1.       Konflik dapat memperkuat solidaritas kelompok yang agak longgar. Dalam masyarakat yang terancam disintegrasi, konflik dengan masyarakat lain bisa menjadi kekuatan yang mempersatukan.
2.       Konflik dengan kelompok lain dapat menghasilkan solidaritas di dalam kelompok tersebut dan solidaritas itu bisa menghantarkannya kepada aliansi-aliansi dengan kelompok-kelompok lain.
3.       Konflik juga bisa menyebakan anggota-anggota masyarakat yang terisolir  menjadi berperan secara aktif.
4.       Konflik juga bisa berfungsi untuk berkomunikasi, saat terjadi konflik, anggota-anggota masyarakat akan berkumpul dan merencanakan apa yang akan dilakukan. Lewat tukar menukar pikiran itu mereka bisa mendapat gambaran yang lebih jelas akan apa yang harus dibuat baik itu untuk mengalahkan lawan ataupun untuk menciptakan perdamaian.[1]

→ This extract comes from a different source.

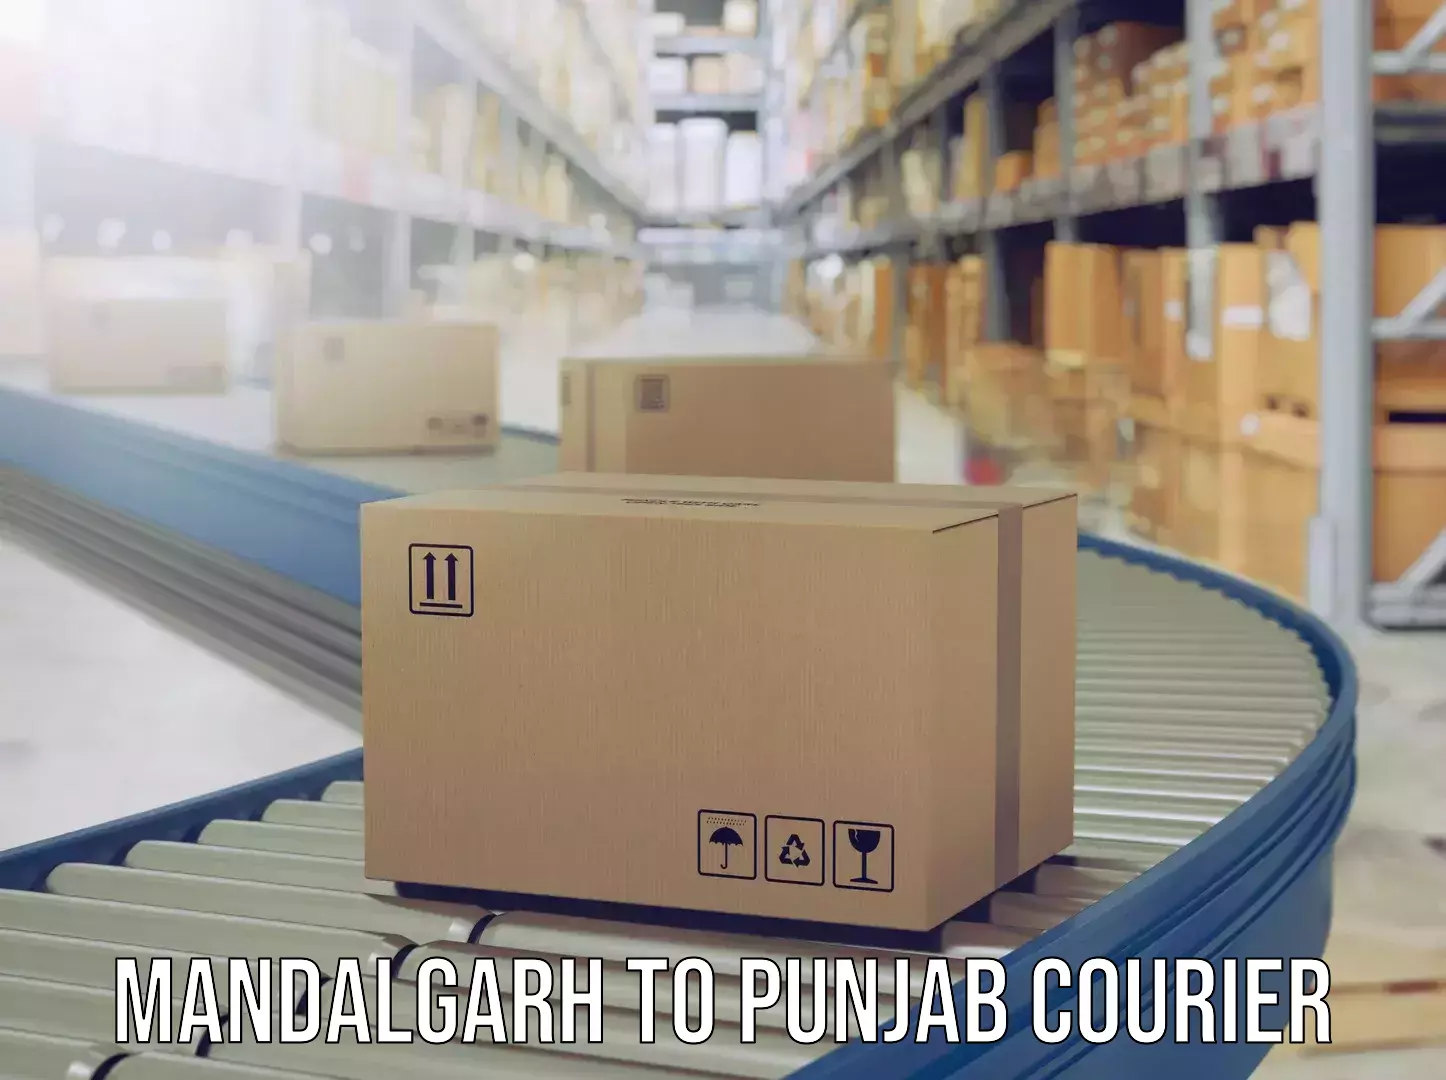 Door-to-door baggage service in Mandalgarh to Punjab

Tepatnya pada hari 6 Desember lalu, Presiden Amerika Serikat Donald Trum mengumumkan pemindahan kedutaan AS ke Yerusalem dan sekaligus mengakui secara resmi kota tersebut sebagai ibu kota Israel. Dalam pernyataan pers di Gedung Putih, Trump mengatakan bahwa Israel memiliki hak untuk menentukan ibu kotanya.

“... Saya memutuskan ini waktunya untuk secara resmi mengakui Yerusalem sebagai ibu kota Israel...” tutur Trump sambil mengangkat sebelah tangannya.

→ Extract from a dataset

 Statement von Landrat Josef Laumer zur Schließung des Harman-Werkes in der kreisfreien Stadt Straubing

Pernyataan tersebut sontak menggegerkan dunia internasional dan mengundang banyak kecaman dari berbagai penjuru negara, terutama negara muslim.  Misalnya Turki, Presiden Erdogan dalam pidatonya dengan tegas menyatakan kecamannya terhadap tindakan AS tersebut.

“ .... Saya ingin menyampaikan kesedihanku terkait dengan laporan bahwasannya Amerika Serikat sedang mempersiapkan diri untuk menyatakan bahwa Al-Quds (Yerusalem) adalah ibukota Israel. Al-Quds, Tuan Trump, Al-Quds adalah red line (lambang batas kesabaran) umat muslim. Ketika penduduk Palestina semakin parah, pelanggaran HAM, persekusi dan serangan terus berlanjut, mengambil keputusan yang mendukung Israel tidak hanya melanggar hukum internasional, tetapi juga menginjak-nginjak nurani kemanusiaan. Sebagai tuan rumah pertemuan Organisasi Kerjasama Islam (OKI) kami akan menindak lanjuti permasalahan ini dengan tegas. Jika keinginan itu tetap dijalankan, kami akan mengadakan pertemuan dengan pimpinan negara OKI di Istanbul dalam 5-10 hari. Dan kami akan melangkah lebih jauh, kami akan memobilisasi muslim di seluruh dunia dengan adanya kejadian ini.....” ucap Erdogan.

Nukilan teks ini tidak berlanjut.